**WHAT IS EXPECTED:** Copy exactly the lines of the records below, and only those lines, beginning with the line that contains "Androniki im Flaggenalphabet" and ending with the line that contains "Alternate Image 3".

-------- DATA RECORDS --------

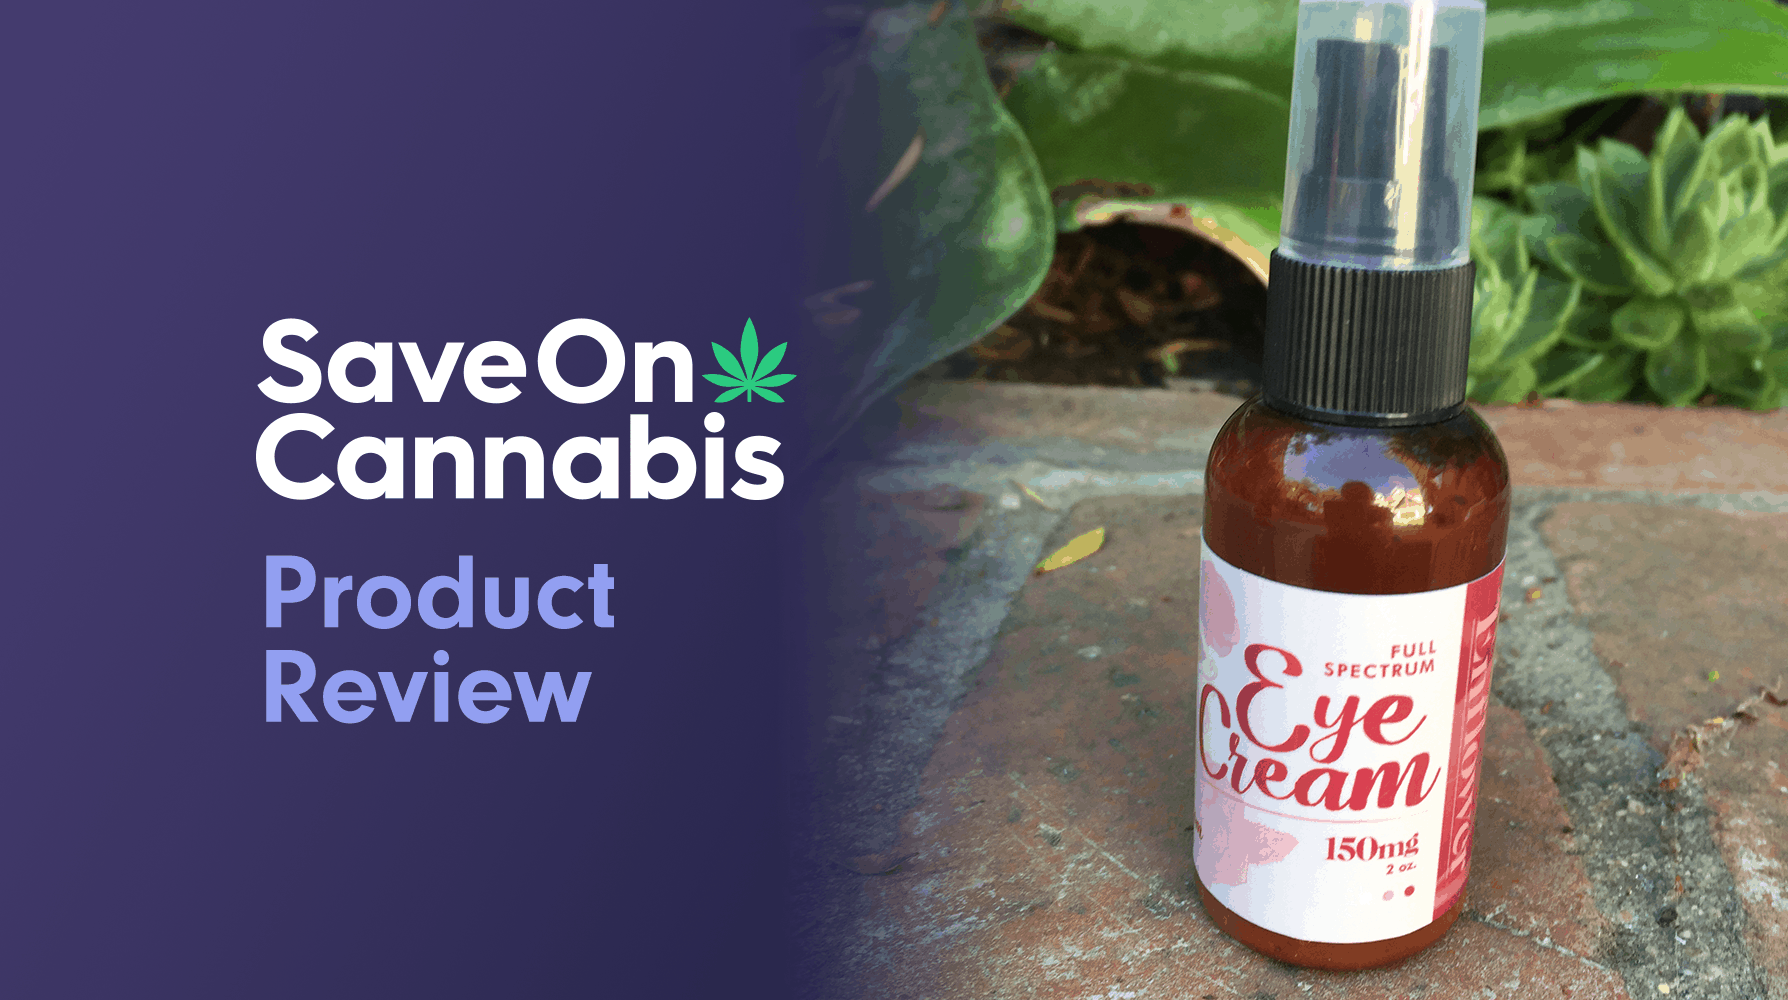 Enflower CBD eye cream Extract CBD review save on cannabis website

--------
-------- DATA RECORDS --------

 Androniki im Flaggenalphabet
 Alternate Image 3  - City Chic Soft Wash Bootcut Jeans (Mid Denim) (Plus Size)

--------
-------- DATA RECORDS --------

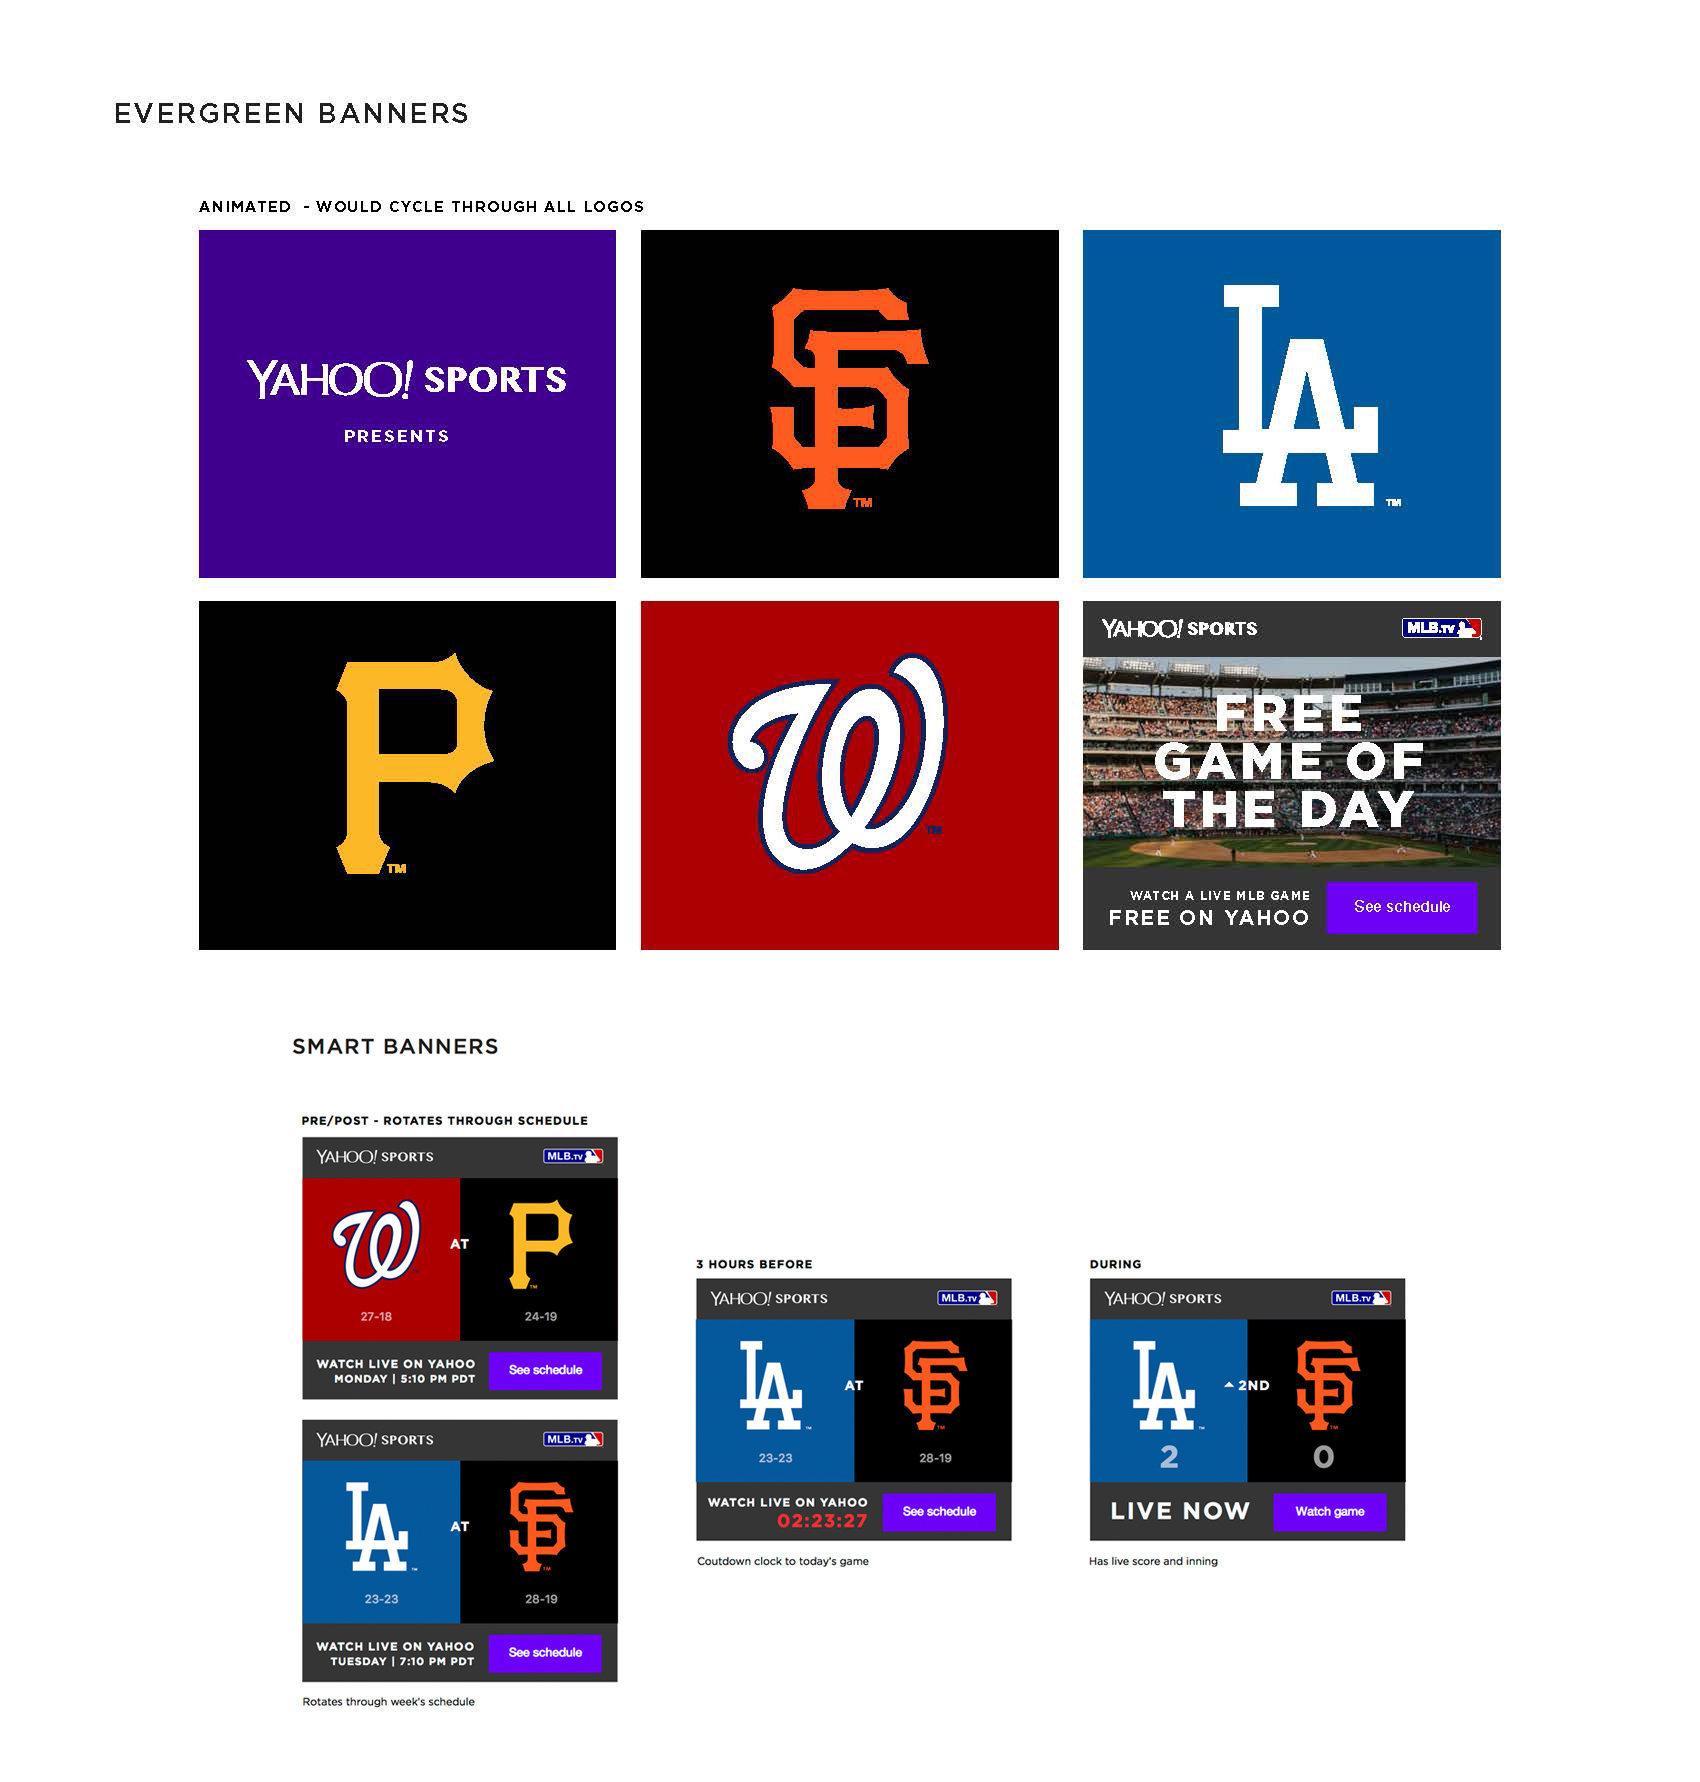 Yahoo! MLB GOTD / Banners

--------

**SOLUTION TO THIS TASK:**
 Androniki im Flaggenalphabet
 Alternate Image 3  - City Chic Soft Wash Bootcut Jeans (Mid Denim) (Plus Size)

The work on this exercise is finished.